▶ **Extracted data**
──────────────────────────────

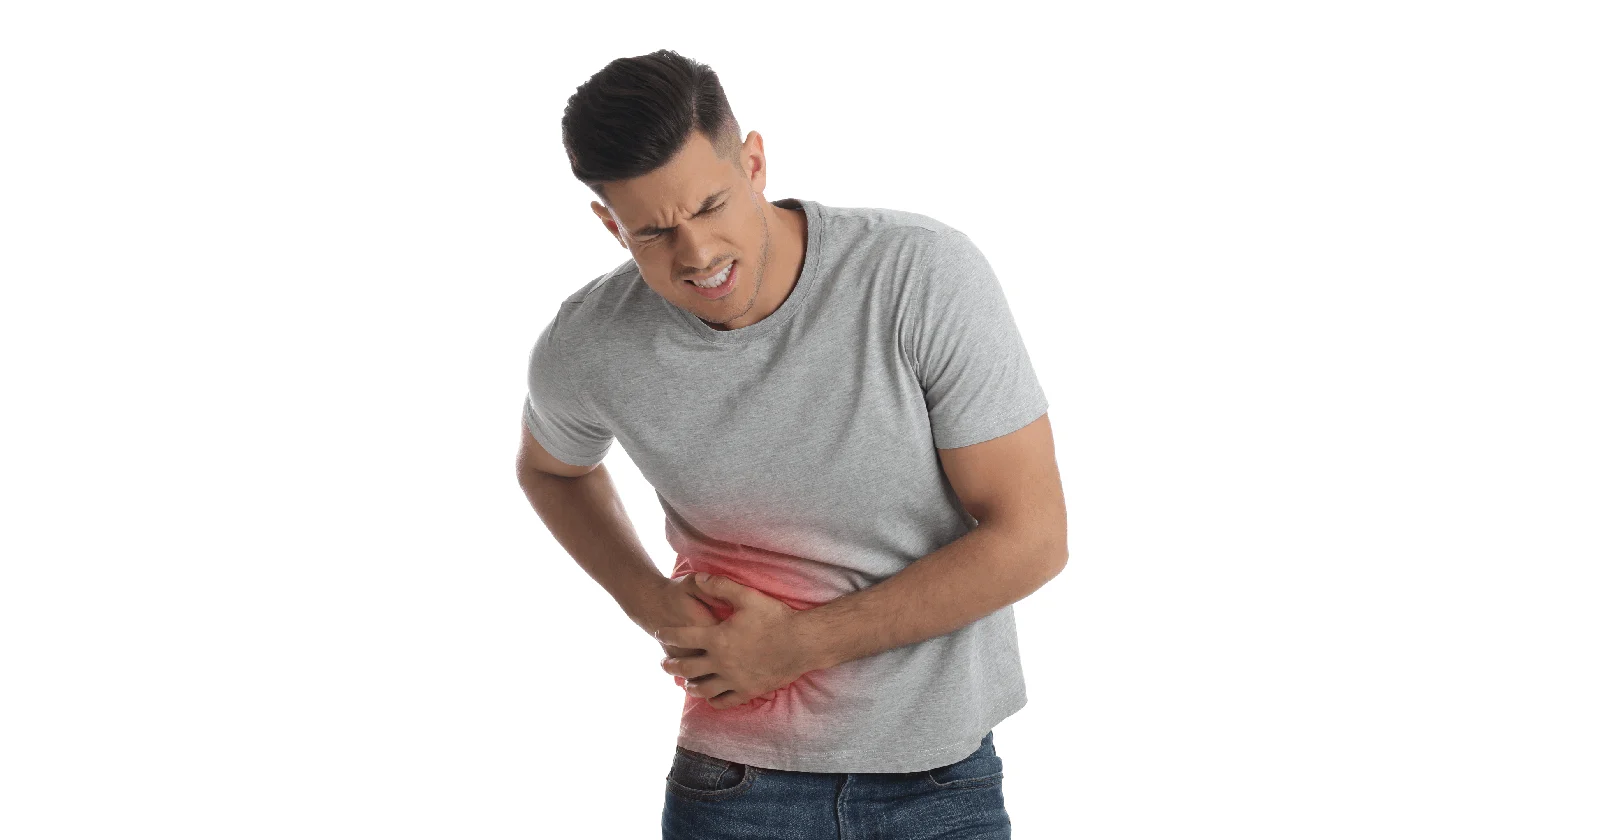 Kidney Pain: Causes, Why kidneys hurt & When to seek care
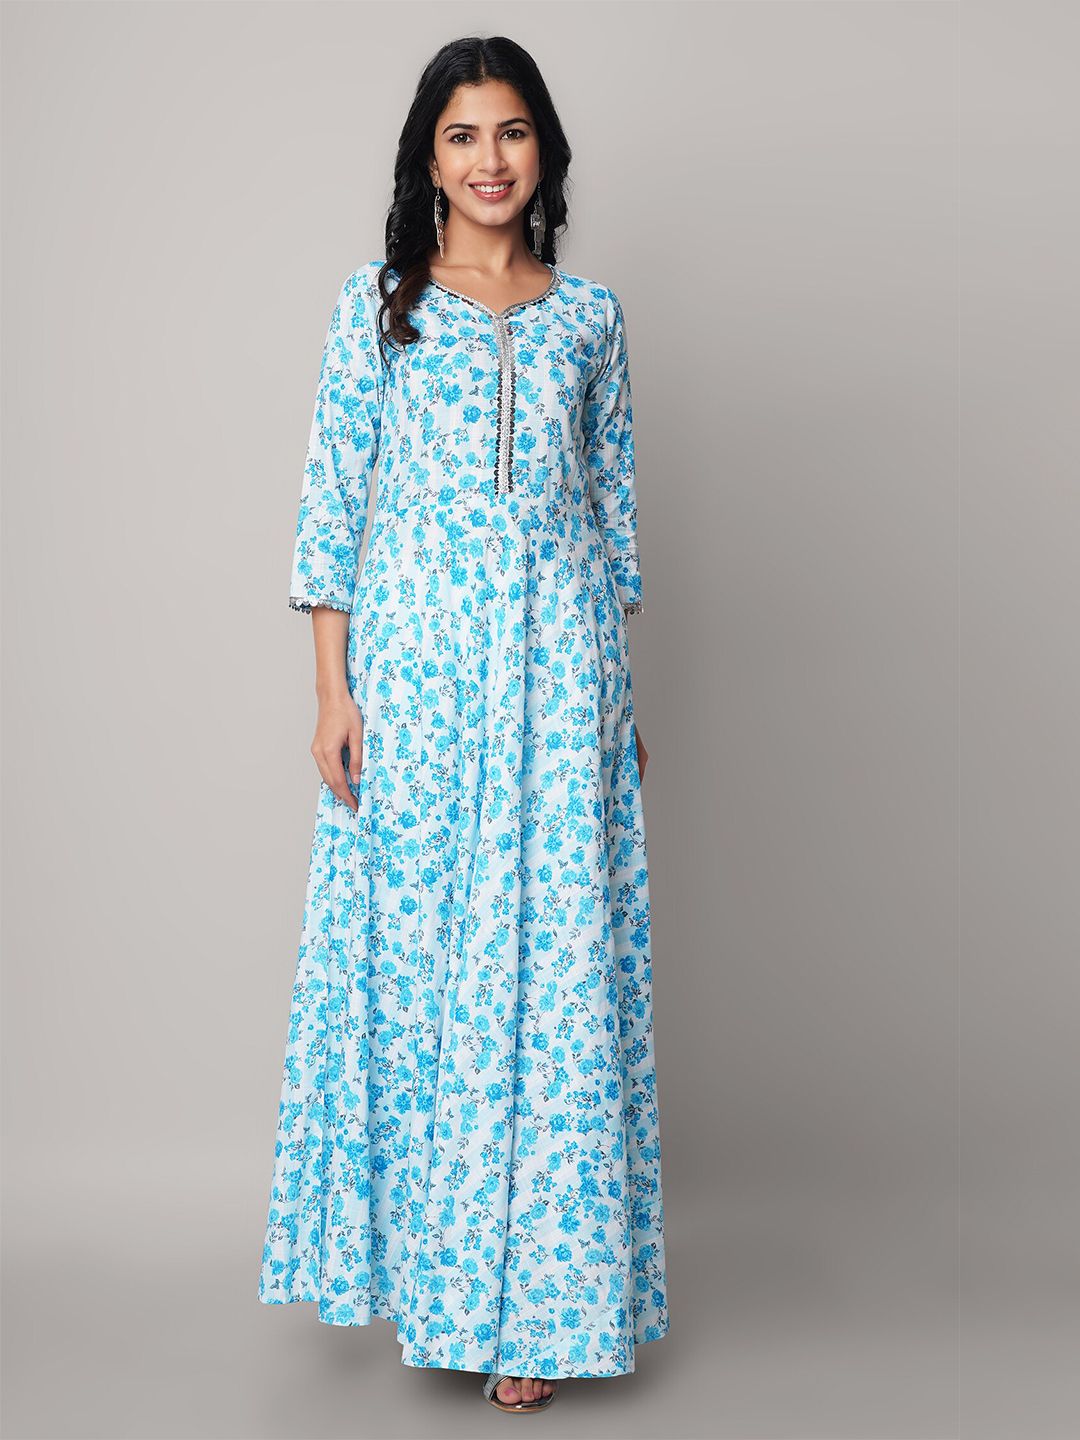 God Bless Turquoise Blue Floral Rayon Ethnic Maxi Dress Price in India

──────────────────────────────

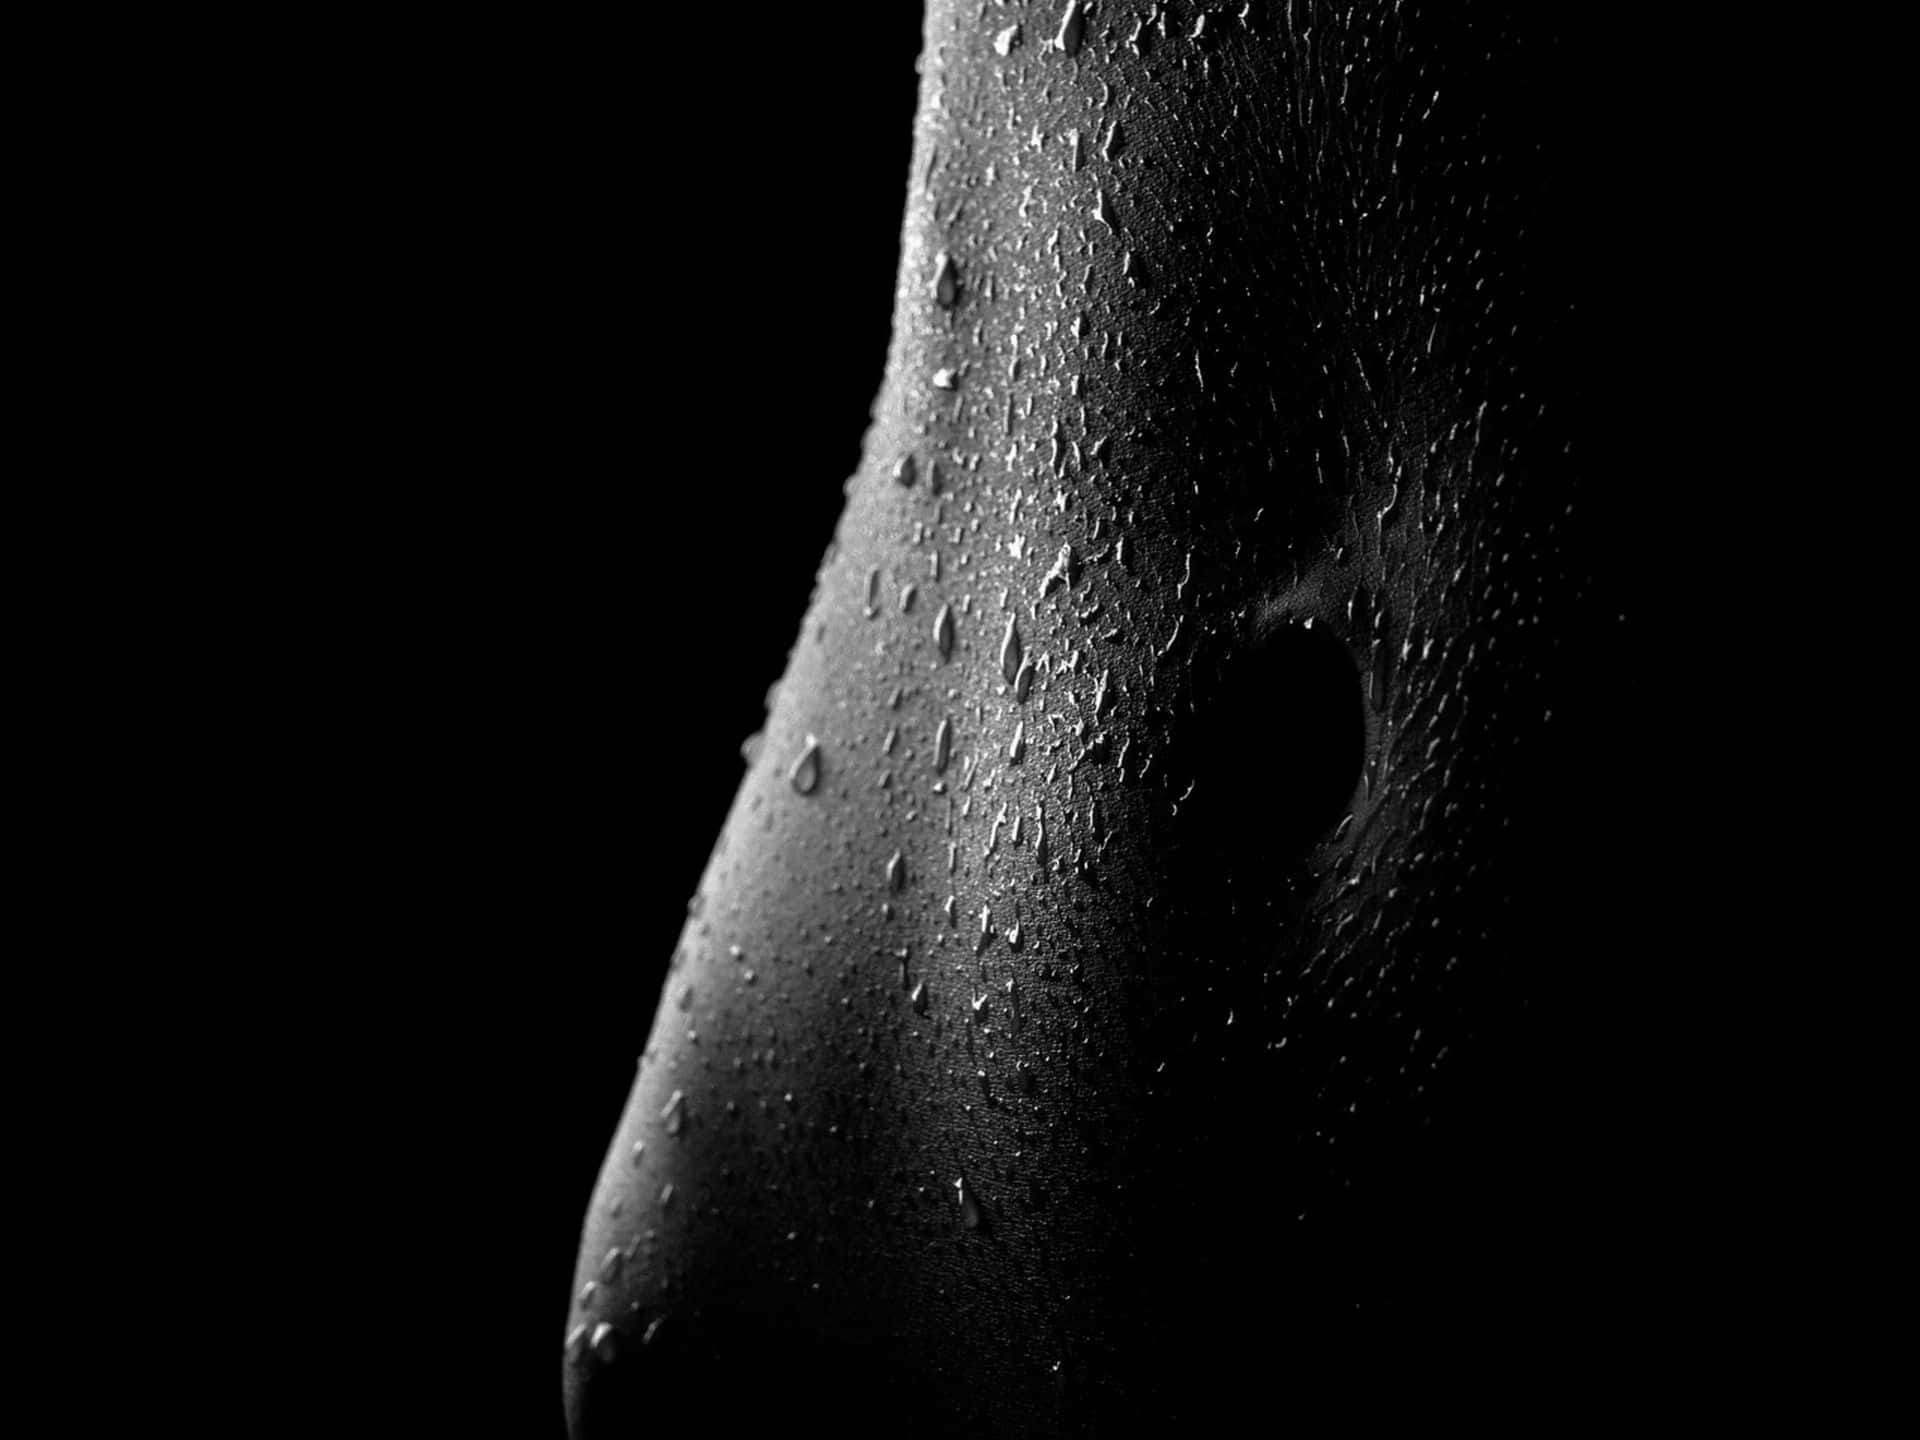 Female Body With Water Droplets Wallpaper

──────────────────────────────

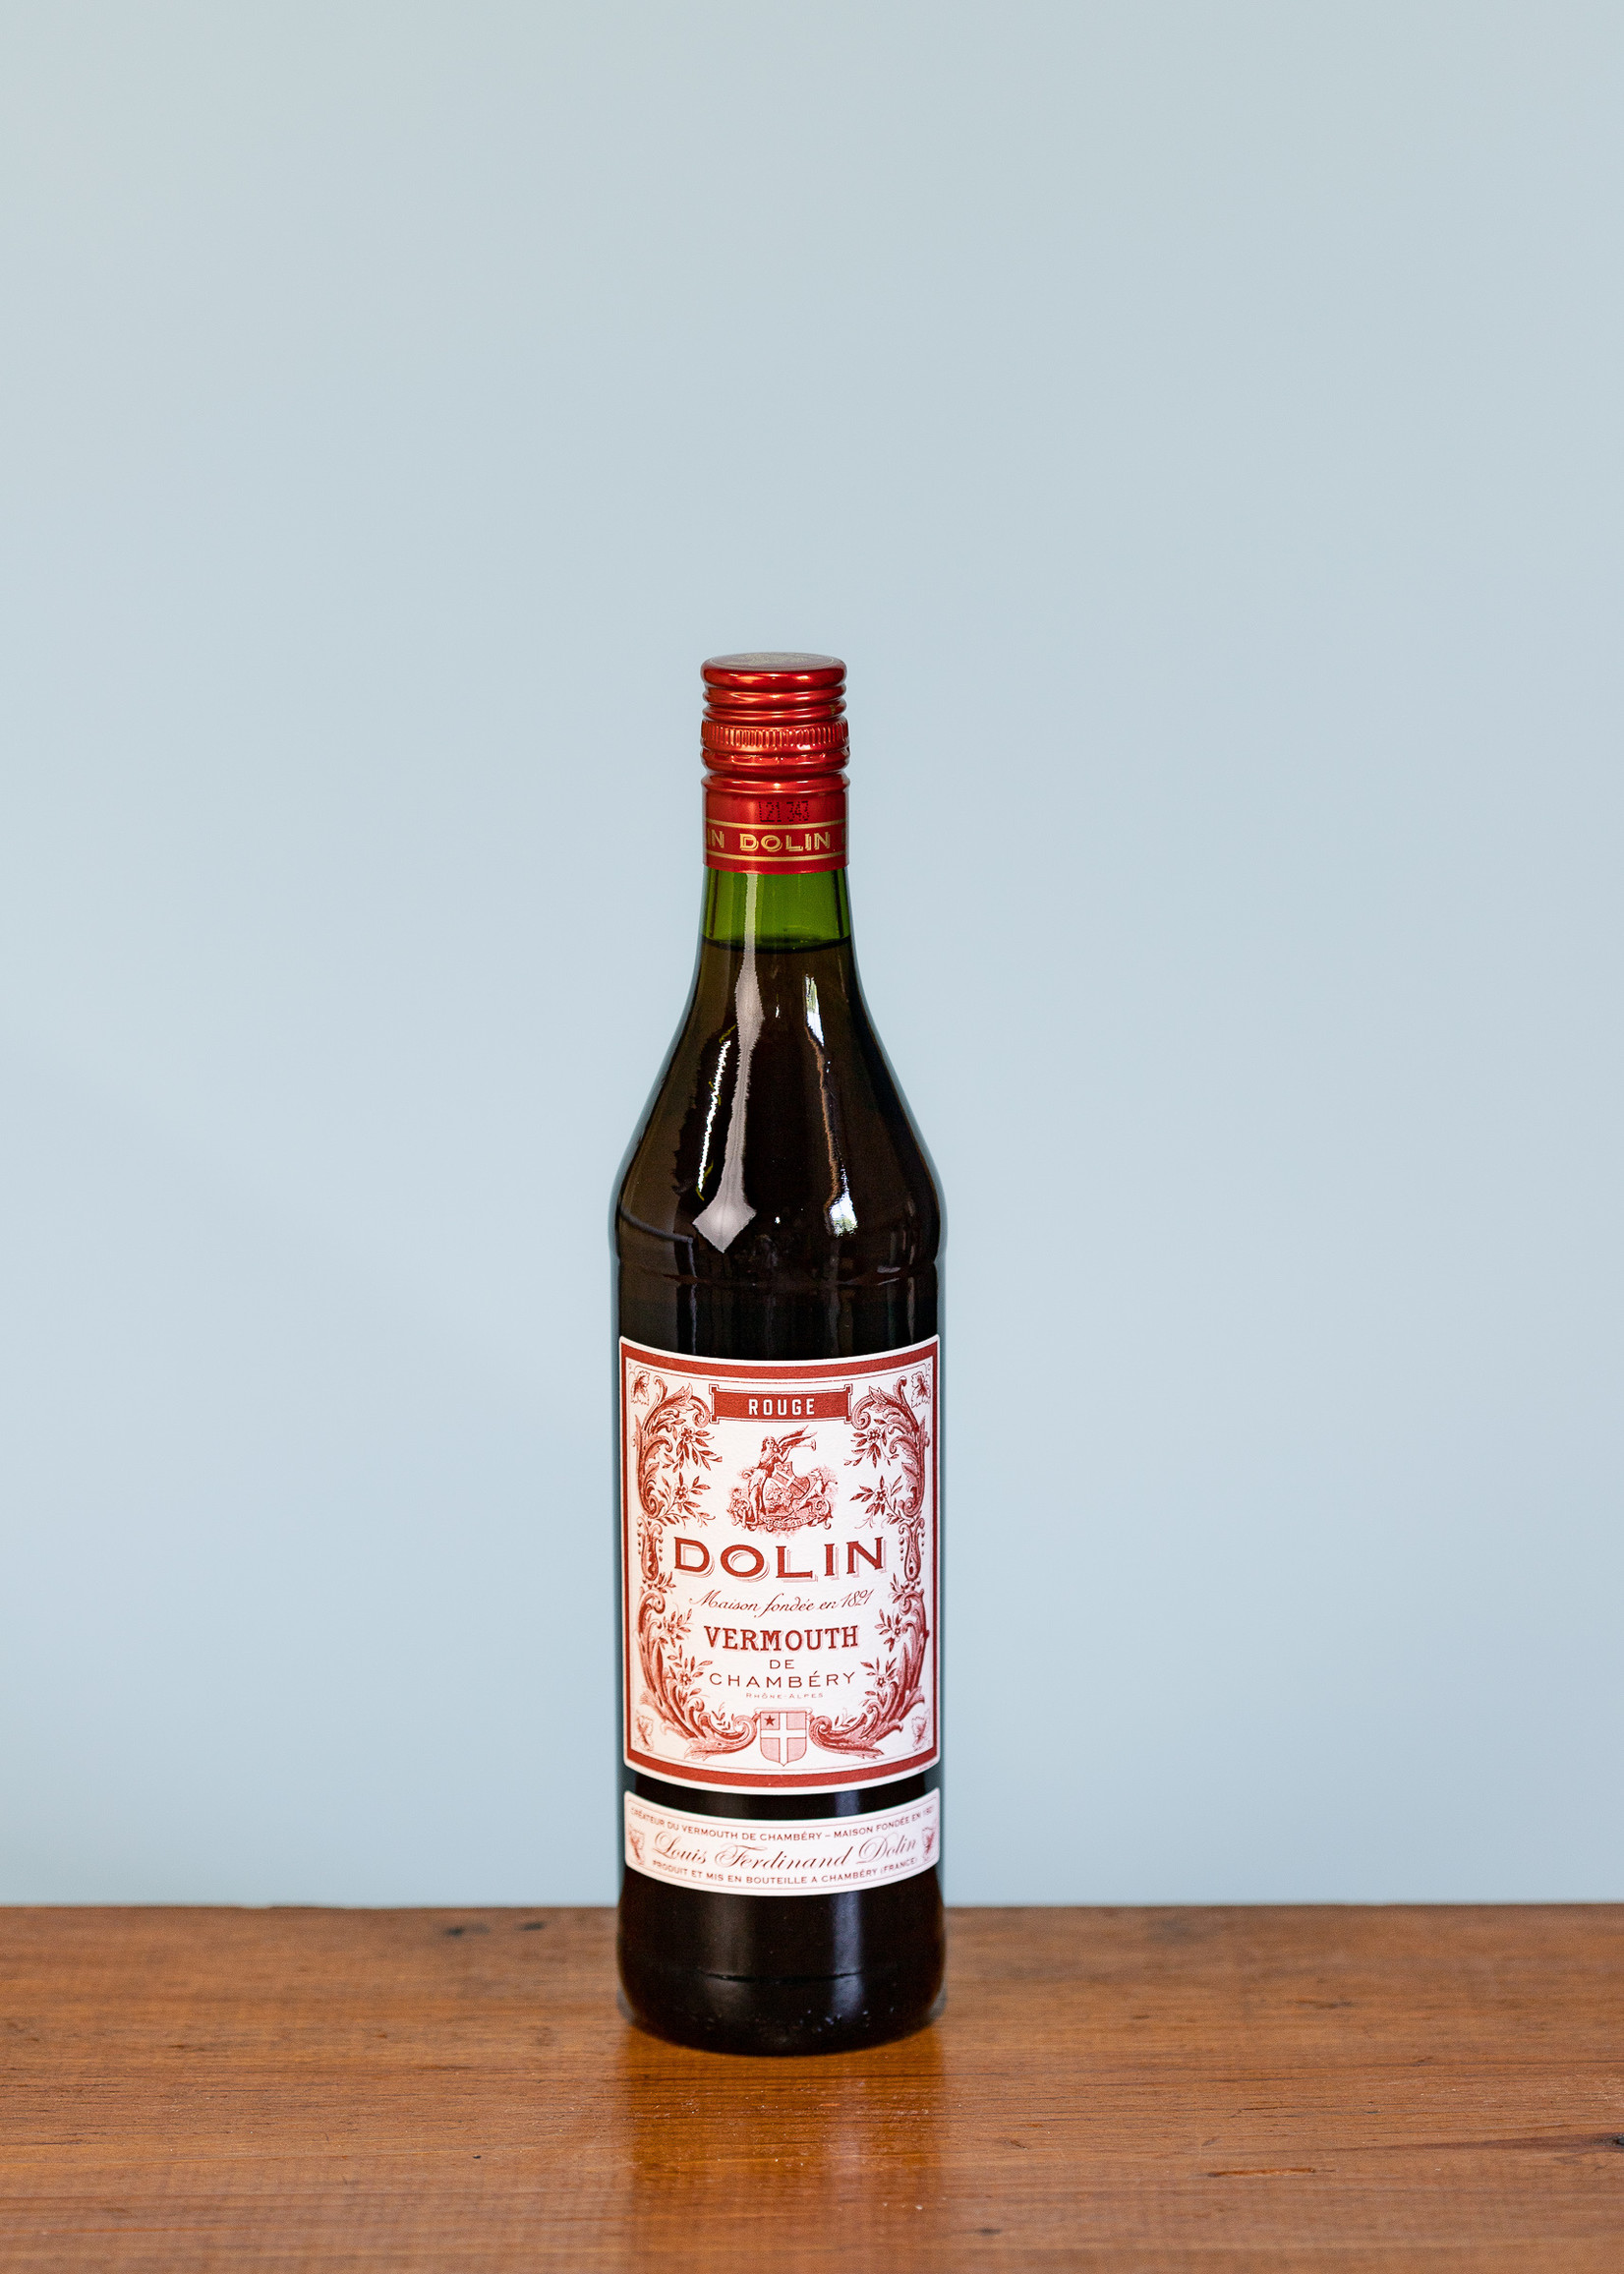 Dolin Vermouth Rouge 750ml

──────────────────────────────

▶ **What you need to do**
Nothing but the lines from the one containing "Kidney Pain: Causes, Why" through the one containing "God Bless Turquoise" should appear, copied exactly from the material above and without pictures.

▶ **Exercise solution**
 Kidney Pain: Causes, Why kidneys hurt & When to seek care
 God Bless Turquoise Blue Floral Rayon Ethnic Maxi Dress Price in India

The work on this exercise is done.